If you’re sad today, Jesus meets you in your sadness. If you’re full of celebration, Jesus is pumping His fist too. If you’re feeling misunderstood, not only does Jesus see the havoc that’s wreaking on your anxiety but He’s also understanding how this misunderstanding came about in the first place. If you’re angry and even angry with God, Jesus sees, knows and I have often found He might be angry for the same reasons you are. Allow God to sit in your emotions. He’s not afraid of them. In fact, in one of my favorite collisions in the Bible, Lazarus dies and his sisters Mary and Martha are upset and Jesus collides with their emotions. They are mad that God didn’t save their brother. They are wondering why their friend Jesus, who has helped others, didn’t heal him too. They are grieving the brother they loved with all their hearts, missing him like crazy and Jesus shows up and weeps with them. 

Look, we know how this story goes. Jesus ends up resurrecting Lazarus. So if Jesus planned to do that all along, which by the way He plans to do with us- He plans to resurrect what died, to redeem what got so messed up, to make whole what was so, so hurtful- if Jesus knew He was gonna resurrect Lazarus, why bother weeping? Why not skip to the chase, move past the emotions and sadness and get to the good stuff? 

Because we have a God who enters our emotions. 

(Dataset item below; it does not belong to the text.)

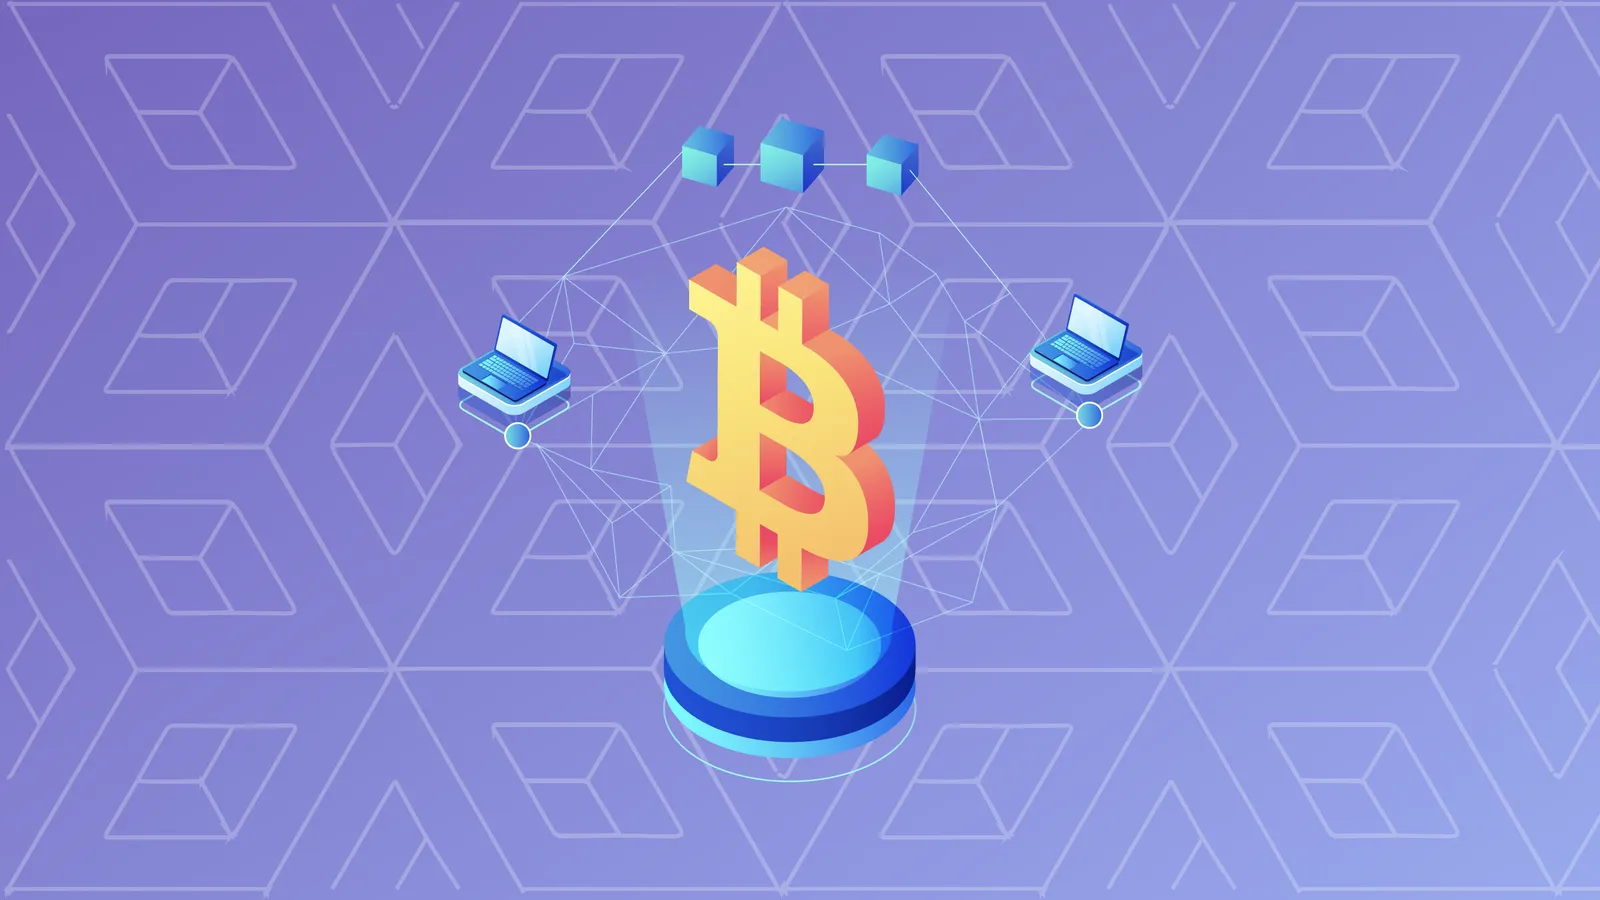 Una ilustración del signo de Bitcoin con los nodos de la blockchain a su alrededor
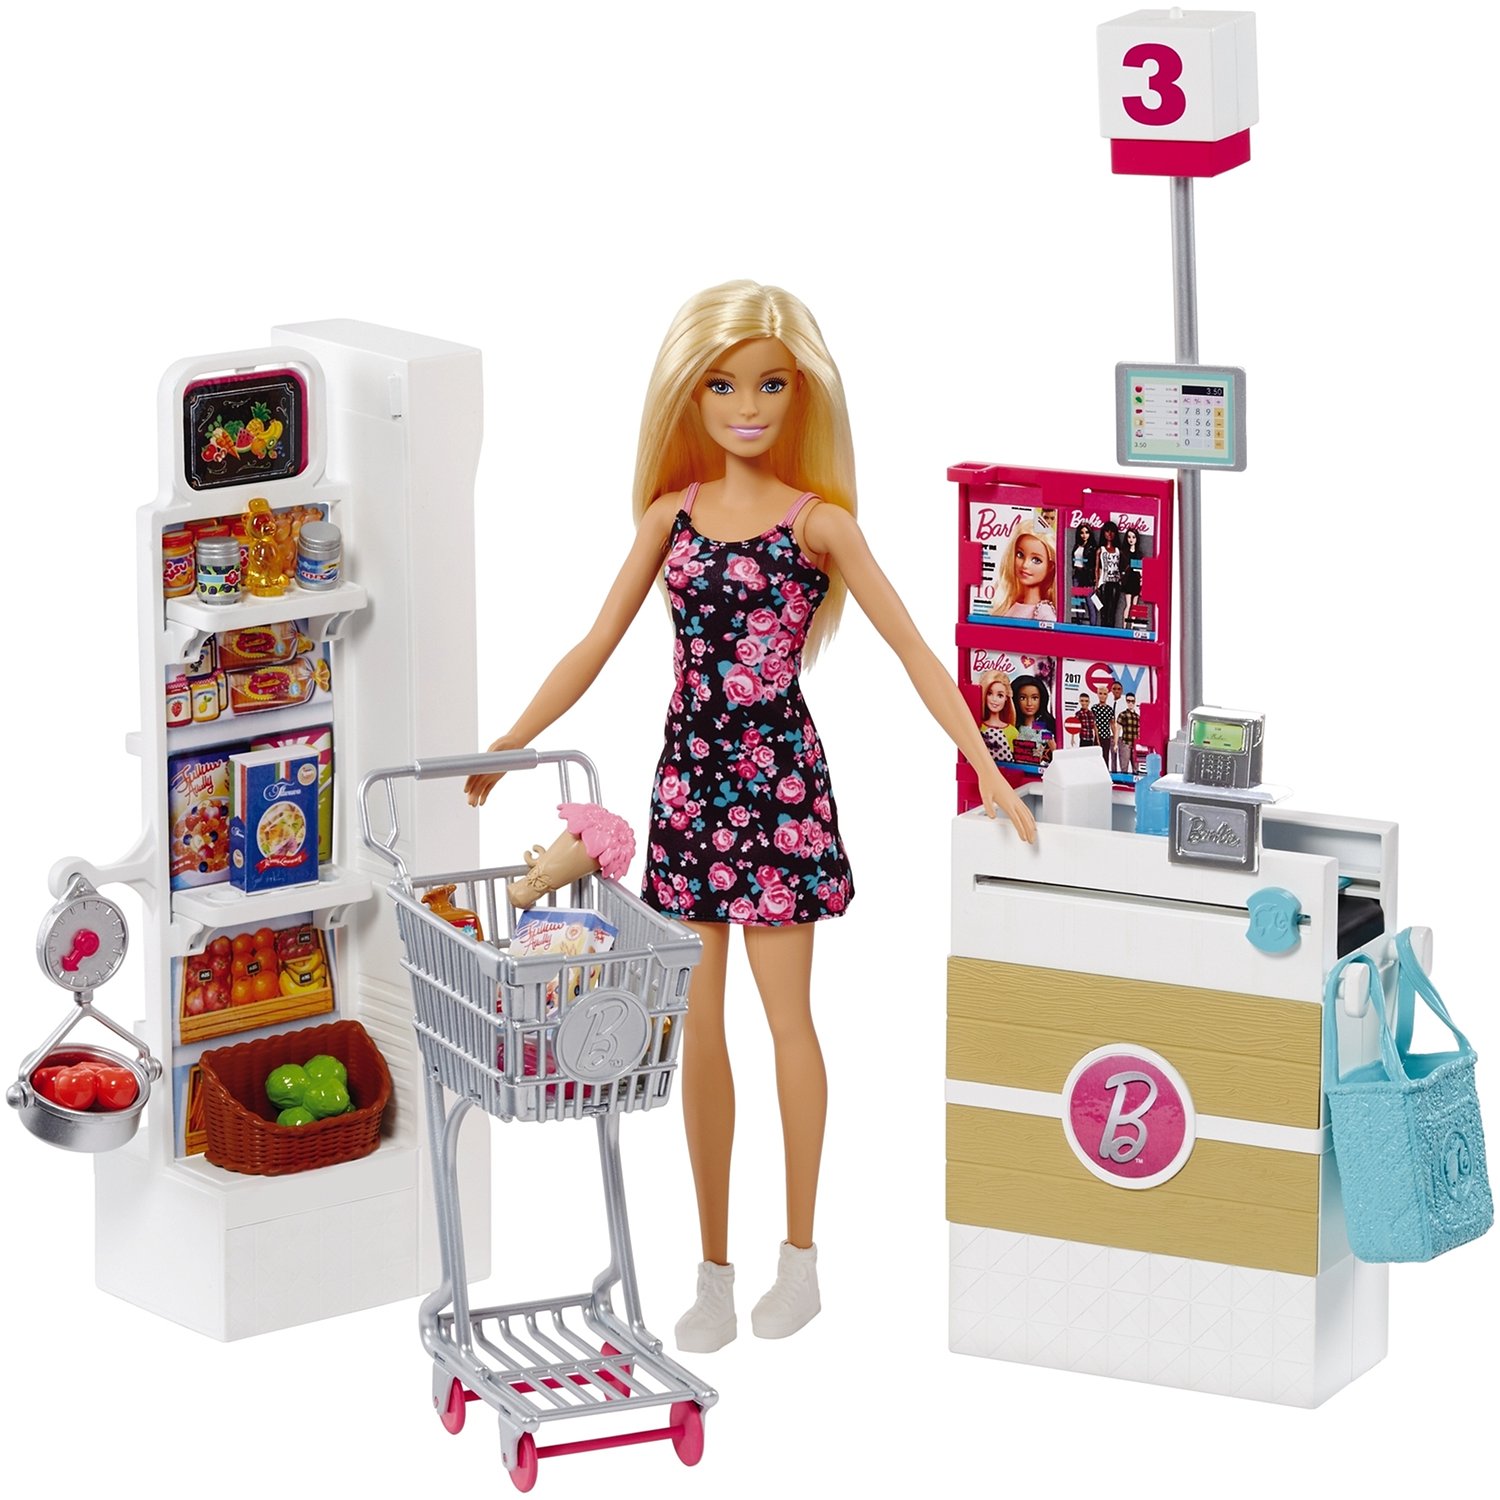 Дом Мечты Барби Купить В Интернет Магазине

I don’t know about you but when someone I love shares their story and weeps because of pain and loss, I can’t help but feel that pain and loss and weep with them too. How many times have I cried for or with my kids because of my deep love for them? Our God cries with us because He loves us deeply and I think is saddened by the same things that sadden us. He hears our cries, He sees our longing and He weeps with us.

But somewhere along the way we started equating God with some sort of unemotive, unfeeling, callused, “get over it” God because God’s people have been just that. If you are Jesus people, be Jesus like, enter the house of grief, weep, wail, listen, and process even though you know resurrection is coming.